Вода сомкнулась над головой Арины, заглушив последние отзвуки мира людей, остававшегося где-то наверху, в царстве воздуха, боли и мимолетных, предательских искушений. Погружение в Подводные Чертоги на этот раз было не триумфальным возвращением домой, а тяжким, безрадостным нырянием в пустоту, что зияла теперь в самой ее сердцевине. Казалось, сама темная, плотная вода вобрала в себя остатки ее смятения и вымотавшей ее до дна ярости, став еще холоднее, еще безразличнее, еще больше похожей на ту ледяную пустоту, что поселилась внутри нее. Она плыла вниз, и с каждым сантиметром, отделявшим ее от поверхности, последние следы тепла, принесенные той встречей, безжалостно гасли, как искры в болотной жиже.
Она прошла сквозь мерцающие, фосфоресцирующие заросли подводных грибов-призраков и водорослей-сирен, не видя их призрачной, жутковатой красоты. Ее фарфоровые, белые ступни бесшумно ступали по светящемуся, словно усыпанному звездной пылью, песку бесконечных залов, но не несли ее к ее покоям, к тому ложному подобию уюта, что она когда-то пыталась создать. Ее вело нечто большее, неумолимое, как закон тяготения, туда, где бился пульс ее нового мира, источник ее силы и ее рабства — в Сердцевину, к корню-сердцу, к самому Болотнику.
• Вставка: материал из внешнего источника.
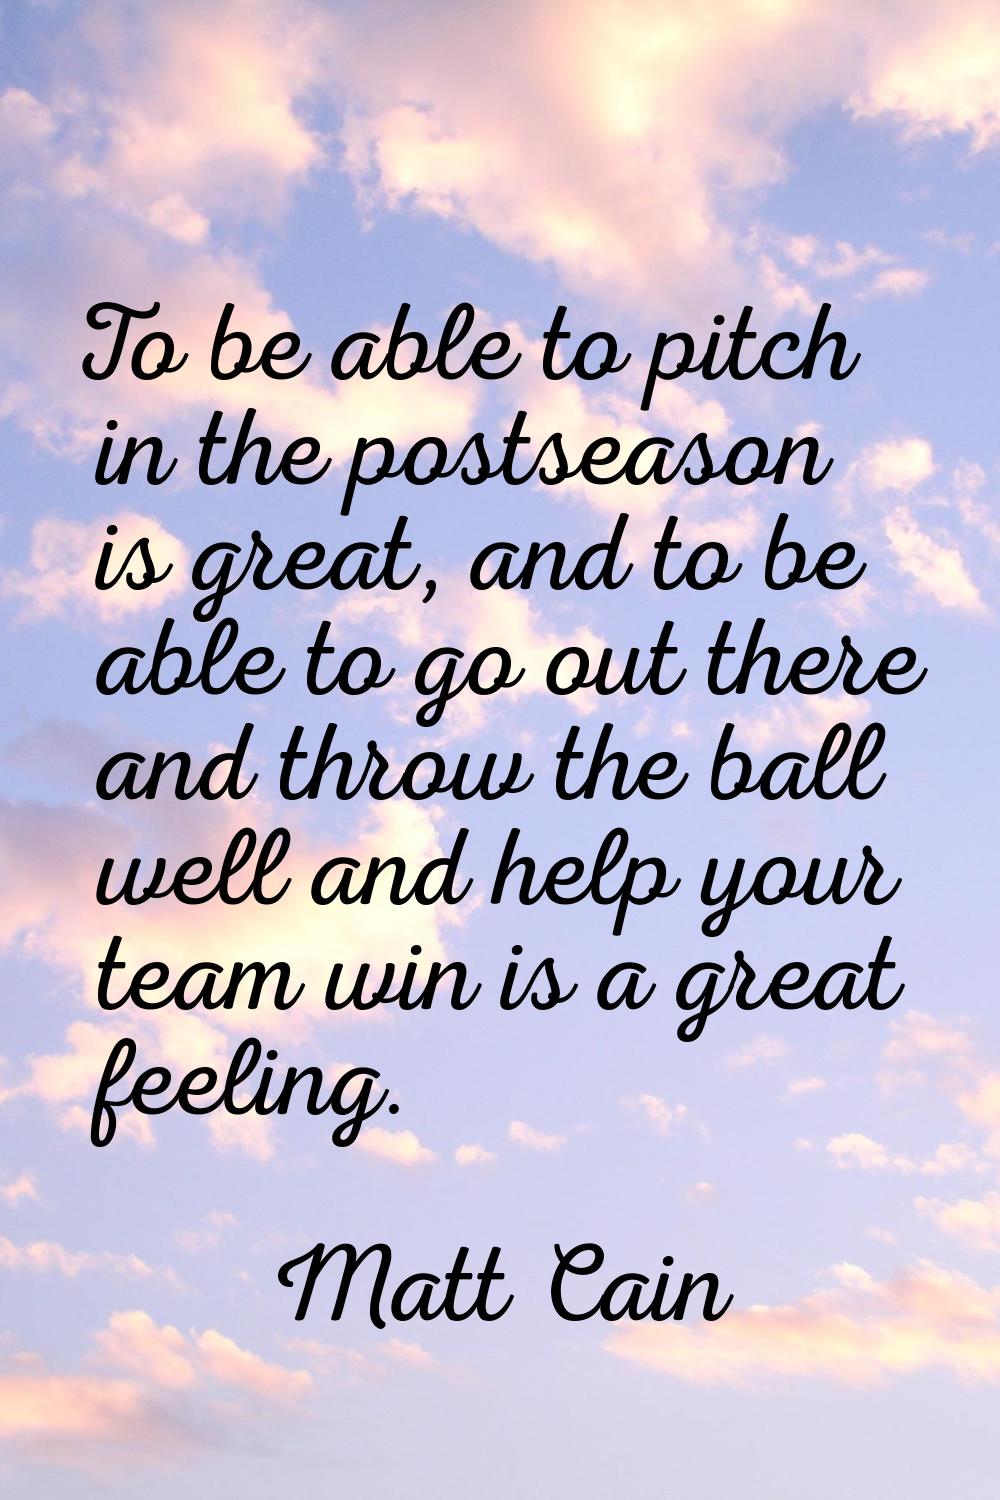 To be able to pitch in the postseason is great, and to be able to go out there and throw the ball w

Он был уже там. Он не принял свой почти человеческий, обманчивый облик и не предстал тем чудовищем из тины и корней, что являл на поверхности. Здесь, в самой сути его владений, он был самим пространством. Его присутствие наполняло огромный, темный грот плотным, тяжелым, почти осязаемым молчанием, в котором, словно токи в замкнутой цепи, вибрировала не остывшая, а лишь сдавленная до предела ярость. Это была не буря, а ледяной, неподвижный, абсолютный гнев. Гнев, похожий на осколок черного, внеземного льда, застрявший в самом сердце планеты и отравляющий все вокруг своим холодным излучением.
Арина остановилась на самом краю бездны, глядя на пульсирующий в кромешной темноте гигантский корень, испещренный прожилками тусклого света. Она не просила прощения. Она не оправдывалась. Любое слово, даже мысленное, было бы теперь ложью и слабостью. Она просто стояла, безмолвная и прекрасная, как изваяние, высеченное из льда, ощущая эту новую, страшную грань в их отношениях. Ревность. Та самая, что едва не погубила Луку на Опушке, теперь висела между ними тяжелой, ядовитой пеленой, замерзла в воздухе, словно сталактит, готовый обрушиться и пронзить ее.
…Он жив… — ее мысль была не вопросом и не констатацией факта. Это была попытка зондировать почву, понять новые правила этой ужасной игры. Уловить его намерения в этом ледяном, неподвижном гневе.
Ответ пришел не сразу. Воздух (или то, что им служило в этом лишенном воздуха зале) сгустился, стал вязким, как патока, затрудняя не только дыхание, но и сам ход мысли.
…Он… коснулся… того… что МОЁ… — голос Болотника в ее сознании был тихим, едва различимым шепотом, но от этого не менее, а perhaps даже более ужасающим. В нем не было крика, не было ярости в ее человеческом понимании. Была бездна. Холодная, бездонная и абсолютная…Его жизнь… пылинка… миг… но пылинка… обожгла…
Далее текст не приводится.